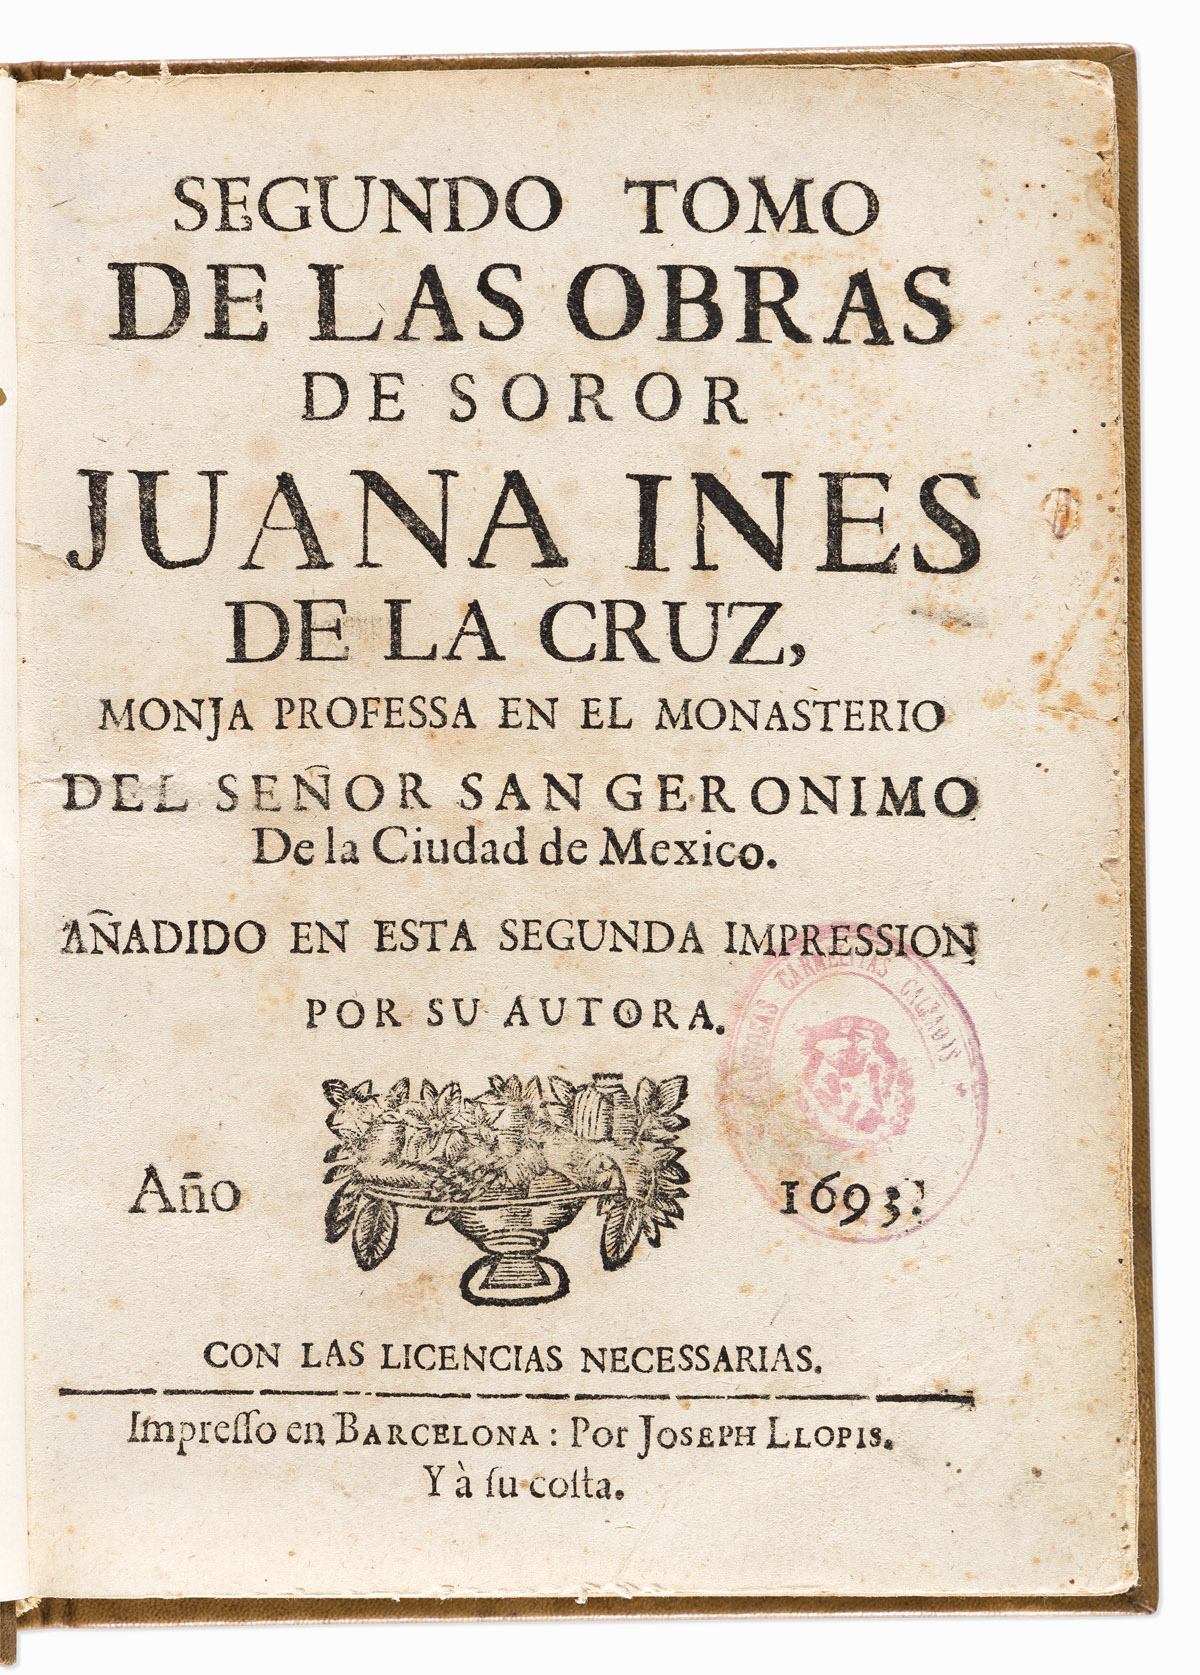 (MEXICAN LITERATURE.) Juana Inés de la Cruz. Complete set of her collected works.
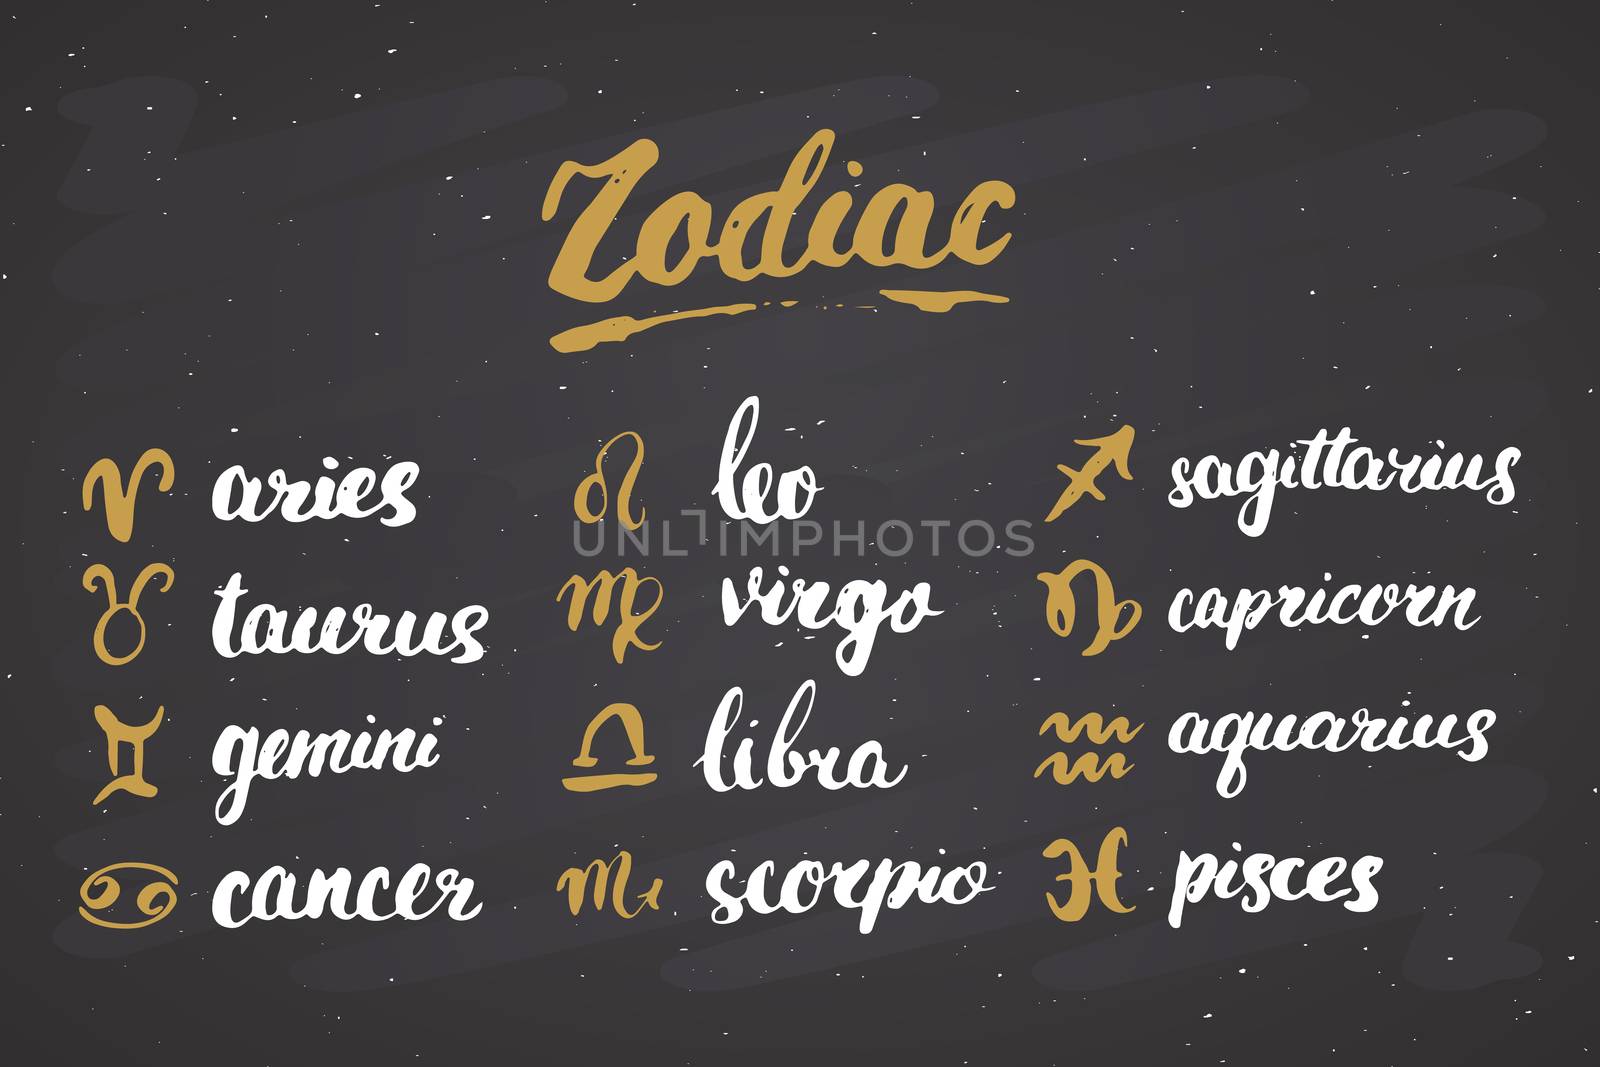 Zodiac signs set and letterings. Hand drawn horoscope astrology symbols, grunge textured design, typography print, vector illustration on chalkboard background by Lemon_workshop
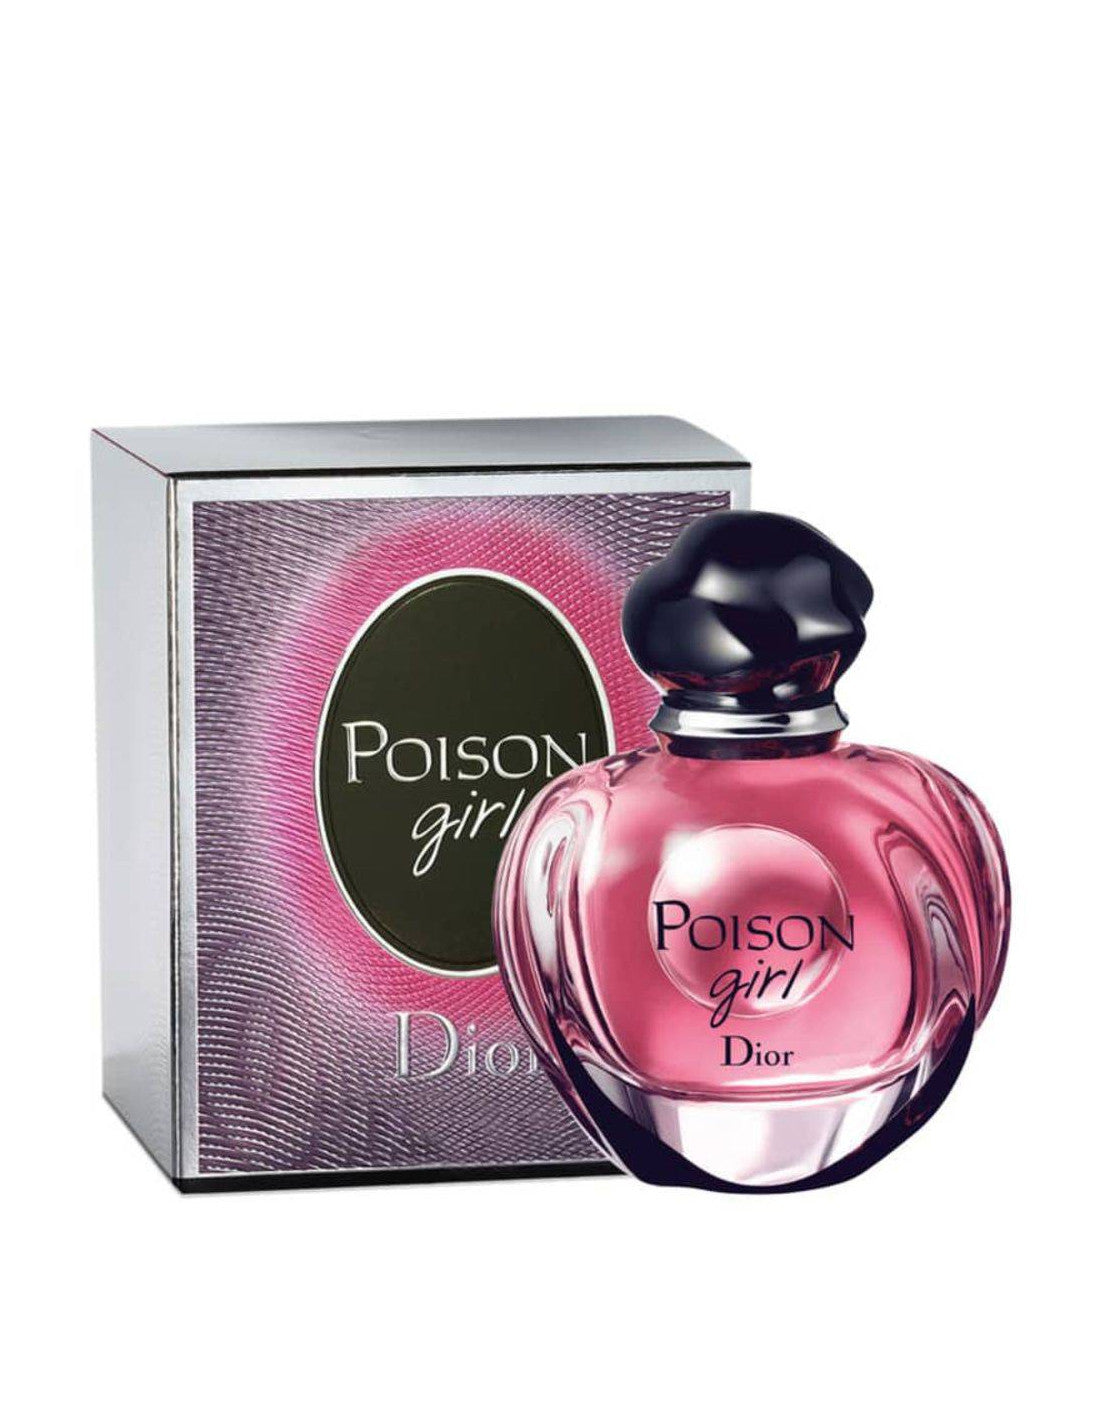 Poison girl dior perfume para mujer 100 ML

PROBLEM TO SOLVE: Leave out the pictures and give the rest of the material again, unaltered.

OUTPUT:
 (MEXICAN LITERATURE.) Juana Inés de la Cruz. Complete set of her collected works.
 Zodiac signs set and letterings. Hand drawn horoscope astrology symbols, grunge textured design, typography print, vector illustration on chalkboard background by Lemon_workshop
 Poison girl dior perfume para mujer 100 ML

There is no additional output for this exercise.